Even if you are right about that chemistry can *completely* explain
the observable behaviour of any biological system.

>> In the standard scientific view,
> which is wrong.
>> spontaneously excitable cells are
>> just a special subtype of excitable cells and still follow absolutely
>> rigidly the physical laws describing electrochemical reactions. Google
>> "excitable cells" and you can read about it. If I understand your
>> view, you think that "spontaneous" means there is neuronal activity
>> not explained by these rigid physical laws.
> Nothing is explained by any physical laws which cannot conceive of top-down
> voluntary control of muscle tissue, cells, and molecules. Excitable doesn't
> exhaustively determine what it is excited by. In some cases they are excited
> by surrounding conditions, in some cases they generate excitement internally
> - and that is who we are, the agency associated with the spontaneous
> internal excitement of those cells (as well as the unseen excitement or
> whatever it is going on in glial cells, etc)
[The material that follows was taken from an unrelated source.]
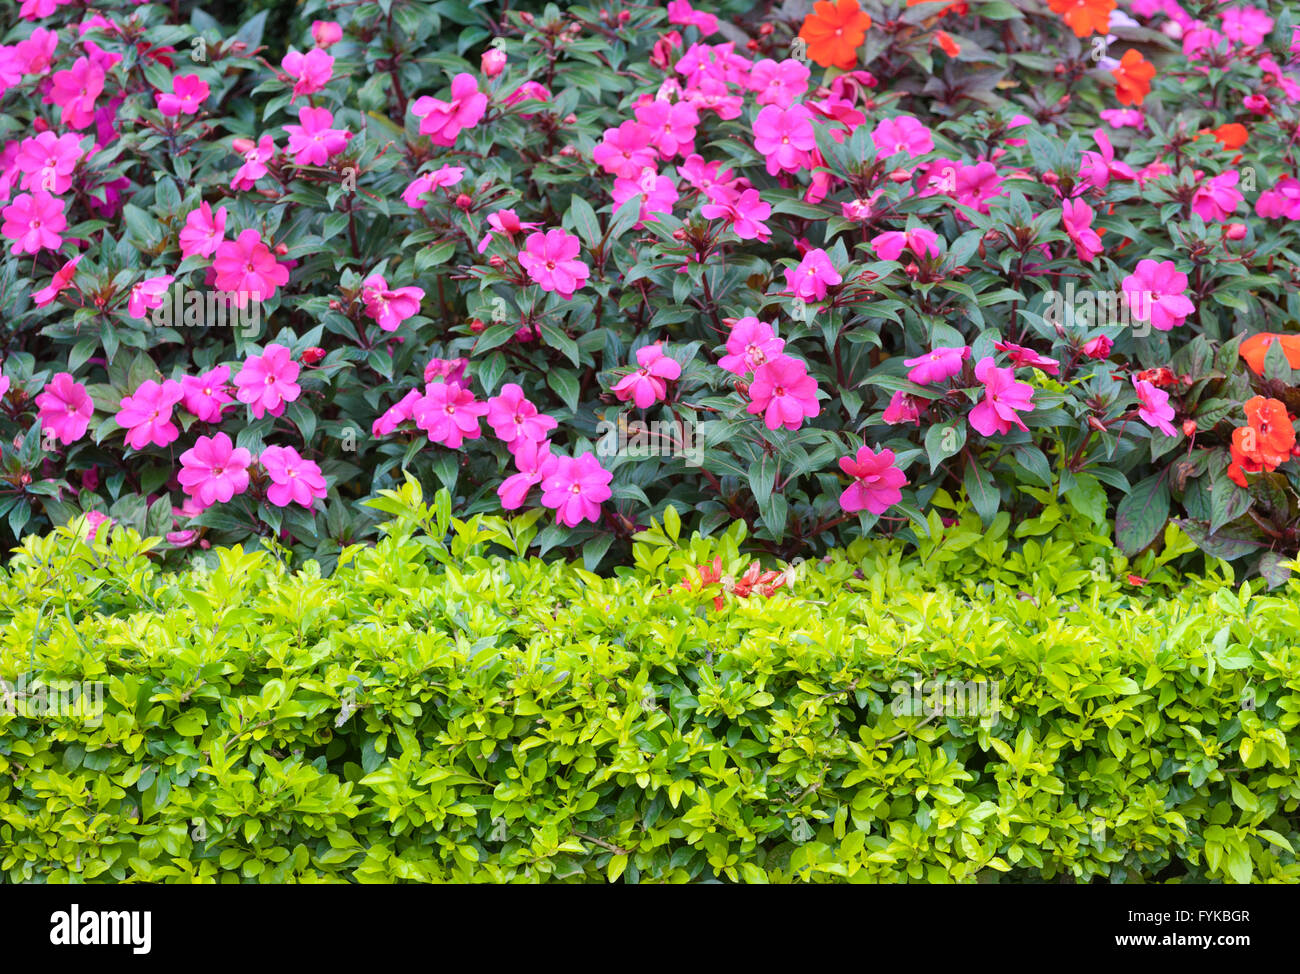 bushes with pink flowers Stock Photo

Yes, some cells are self-excitatory. Cardiac pacemaker cells are the
best example. But this self-excitatory quality is well understood in
physical terms. It certainly does not mean that the cell miraculously
decides to depolarise its membrane.

>> That must be evident in
>> some experiment or observation; for otherwise the brain would follow
>> the rigid physical laws in a machine-like way, which you do not
>> believe is the case.
> You are conceiving of the brain in a way which is so pathologically
> prejudiced that there is no possibility of your seeing beyond it. You have
> decided a priori that all there is is what physics has defined, and
> therefore no matter how absurd it is, everything that exists must 'really'
> be part of that. Your view makes it impossible for any organism to do
> anything other than passively wait until something external causes a chain
> reaction that makes their legs move around and their hands shove food into
> their mouth. The universe that you imagine cannot possibly include you or
> your ability to imagine anything - but rather than seeing that as a
> catastrophic problem with your model, you simply let go of common sense,
> personal experience, etc, and think 'If I think that I am doing anything,
> then I must be mistaken." To me, this is the height of anthropocentricism,
> only in reverse. You see everything in the universe as having power and
> presence except us. We are confined to some metaphysical never-never land of
> 'illusion' or 'emergent properties' while the lowliest ganglion strides the
> universe as part of a micro-empire - dictating our every move according to
> rigidly deterministic laws. It's a fantasy that would make Dr. Seuss roll
> his eyes.

I have clearly said that the only thing I believe is impossible in
what you claim is that something could be
neither-determined-nor-random. Leaving that aside, I think it is
possible that you are right about top-down causality or consciousness
causing physical changes in the brain. Moreover, I think that you
could show you are right by experiment, which is a requirement for a
scientific hypothesis. I've even proposed in outline the sort of
experiment that would confirm the hypothesis, which you have rejected.
I think I've been fair. Perhaps you could propose another experiment
that you would accept as confirming or falsifying your theory?